One problem I still have is that my gas locker will not take 2 12/13kg bottles and I would prefer to start of with a full 13kg from the UK. You mentioned that when you tried to exchange the Repsol for a Cepra bottle that the garage man was putting the Cepsa bottles "in their various cages." Does this imply that various sizes were available in the French supermarket and the Spanish garage and if so were they selling something around the 7kg size?
Sorry to bug you again but depending on your answer I will be able to decide to leave with a large or small UK bottle.
regards


----------



## 90740 (May 1, 2005)

Dusty,
Apparently the silver Cepra bottle I bought, or exchanged, in Spain is 7kg. Physically it looks the same external size as the 13ish kg Repsol bottle. I got the impression that the external dimensions of the two bottles are the same but the actual pressure holding volume of the 13kg Repsol cylinder is greater than the 7kg Cepra bottle I now have. It looks as if the diameters of the pressure part of the cylinder is the same but the actual length of the pressure part of the cylinder is greater for the 13kg bottle compared to the 7 kg bottle which makes sense. Nevertheless to look at both bottles side by side there is no significant dimensional difference, other than more internal empty space within the 7kg bottle 
In my gas locker I can fit a 7kg UK bottle with either a 7 or 13 kg Spanish bottle. I can also fit a 7kg cube with any of the above. Each bottle takes up 50% of the compartment. If I wanted to I could fit two 13kg Spanish bottles. I have never used a 13 kg UK bottle. If the 13 kg UK bottle has a significantly greater diameter than the 7kg UK bottle, which is about the same size as the cube, I would have difficulty fitting a Spanish 7 or 13 kg bottle!

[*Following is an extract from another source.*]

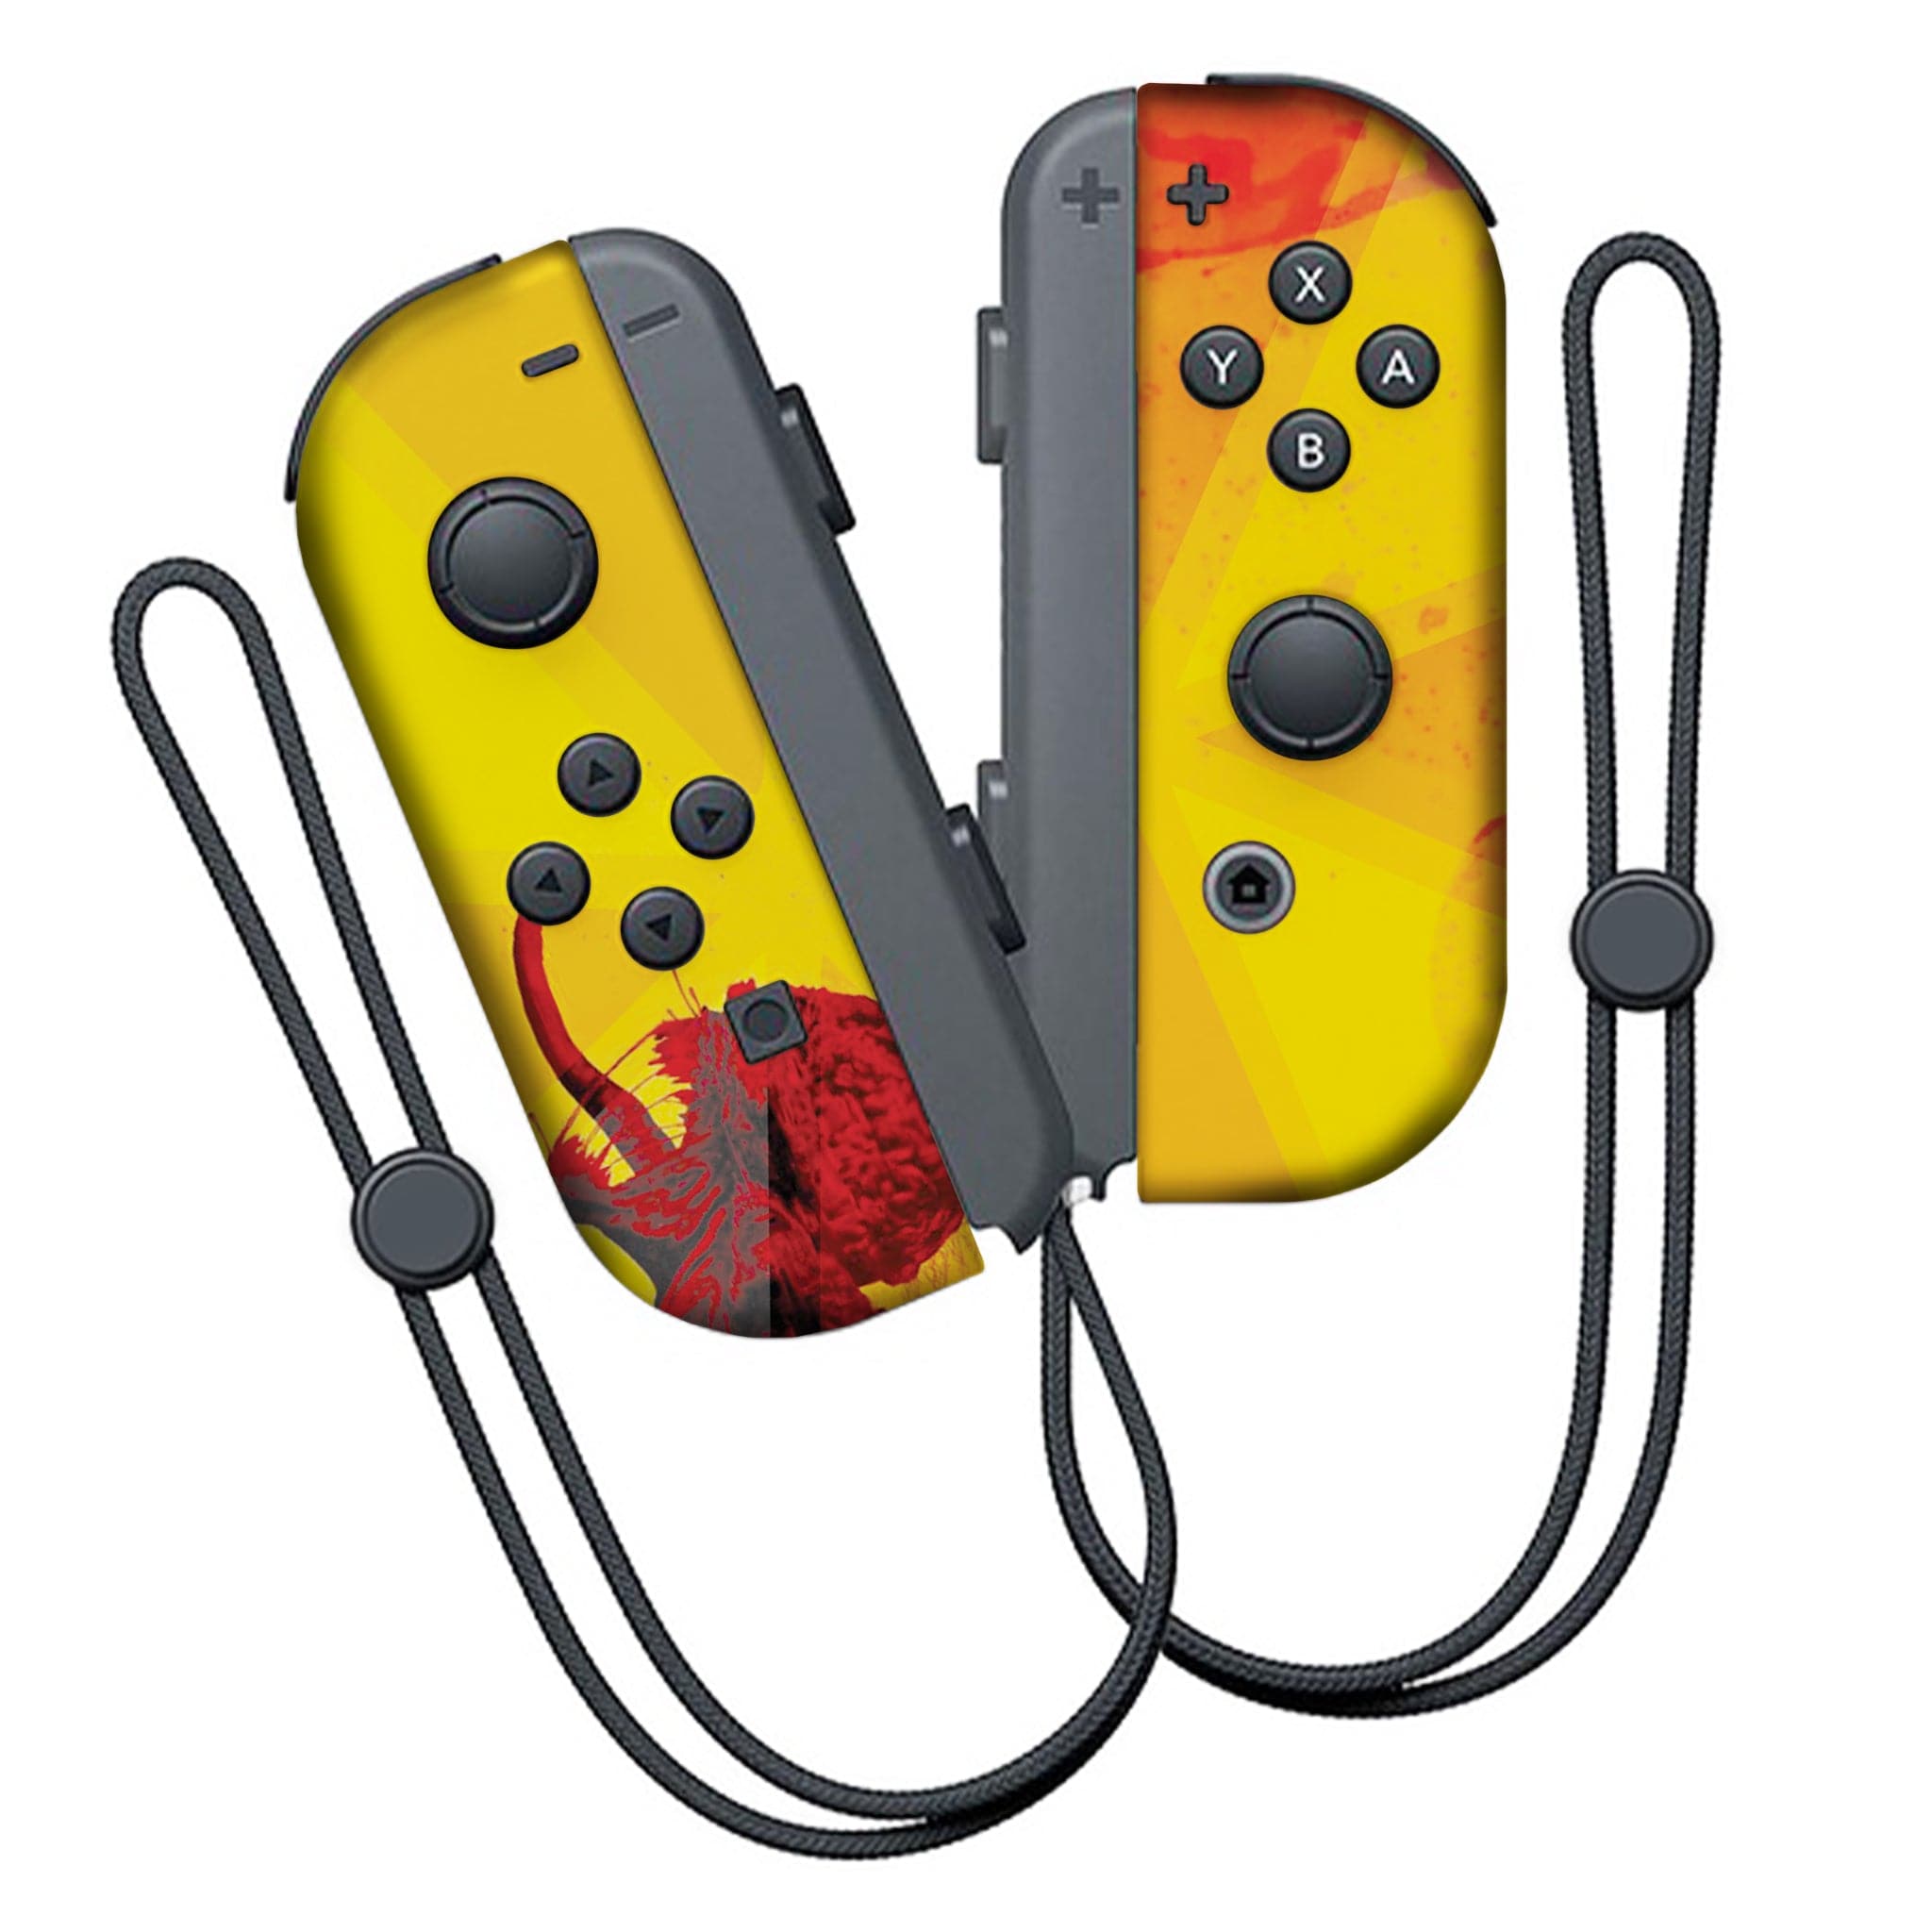 Resident Evil Inspired Nintendo Switch Joy-Con Left and Right Switch Controllers by Nintendo

The 7kg bottle I bought cost about 7 to 8 euros.

I note that you are leaving on the 1st of Nov. We should be back in Spain on the 30th. I could e mail you with the dimensions then. Our van is presently in Spain. Are you spending winter in Spain??


----------



## dusty (May 27, 2005)

*Spanish Gas*

Hello Jonh,
Thanks again for the prompt reply.
Yes, we are intending to spend about 6/7 weeks in Spain then motor to Germany to spend Christmas & New Year with my eldest daughter who lives just outside Munich. Then home for a couple of weeks and perhaps if we have enjoyed it back to South of France/Spain/Portugal for February & March, then home for the golf season. Your suggestion about e-mail is very kind but I will have left home 2/3 days before 30th to see my youngest daughter in Shepperton before we leave and my decisions about gas will probably have to have been tahen by then.
My hymer locker is designed for 2 German 11kg bottles. It will just take the depth of a UK 13kg bottle(which is approx 40" circumference) but not 2. I can comfortably get a UK 7kg in alongside the 13kg. 
For preference I would like to leave with a full 13kg bottle if I can get something around the dimensions of a 7kg UK bottle in Spain. If this is not possible I will have to do as you did and start of with a 7KG bottle which I feel gives less leeway for emergencies.
regards


----------



## 90740 (May 1, 2005)

Not standing next to my gas locker but my view is that if you have room for a UK 7kg you have room for the French cube of the same size. That being the case I can fit a Spanish 7 or 13 alongside a cube or UK 7. Each cylinder, regardless of 7, 13, UK, French or Spanish occupies very nearly the same space, in my case each occupies half the gas locker. So if you have room for a UK 7 comfortably my gut feel is that you probably will have room for a 7 or 13 of any nationality. 
We're making our way towards the south od Spain after having crossed the country over that last two or three months. If you enjoy golf you may be a fisherman too. We spent a lot of time trout fishing in the Pyrenees which is a wonderful way to see the stunning countryside of that area. I preferred the Catalonia area for crossing over in to Spain because of the rich history and attractive medieval towns. You can also take advantage of the Aires on the French side on the way down which is a benefit too !
Hope you enjoy your time there.
As for the gas regardless of which cylinder you take you will always have gas available in your motorhome. What we have works for us but I'm sure there are other solutions for other situations and requests,
Jonh


----------



## dusty (May 27, 2005)

*spanish gas*

I think as a result of your info that I will set off with a UK 7kg. I intend to take 2/3 days to get down to the border when from what you say I should be able to pick up a Spanish 7 or 13kg and then just exchange on from there as necessary.
I intend to enter Spain on the Atlantic side by Biarritz and San Sebastian as I want to go to Compostella and have alook around Galicia. Although I'm not an angler I do enjoy seafood and I gather the quality and availability is good over there.I would think we will return through Barcelona on our way up to Germany. 
Thanks again for your assistance 
Bon Journee
Dusty


----------



## 93158 (May 1, 2005)

*Alan Rogers guides*

I inspect sites for this guide and beleive me the reports are accurate warts and all.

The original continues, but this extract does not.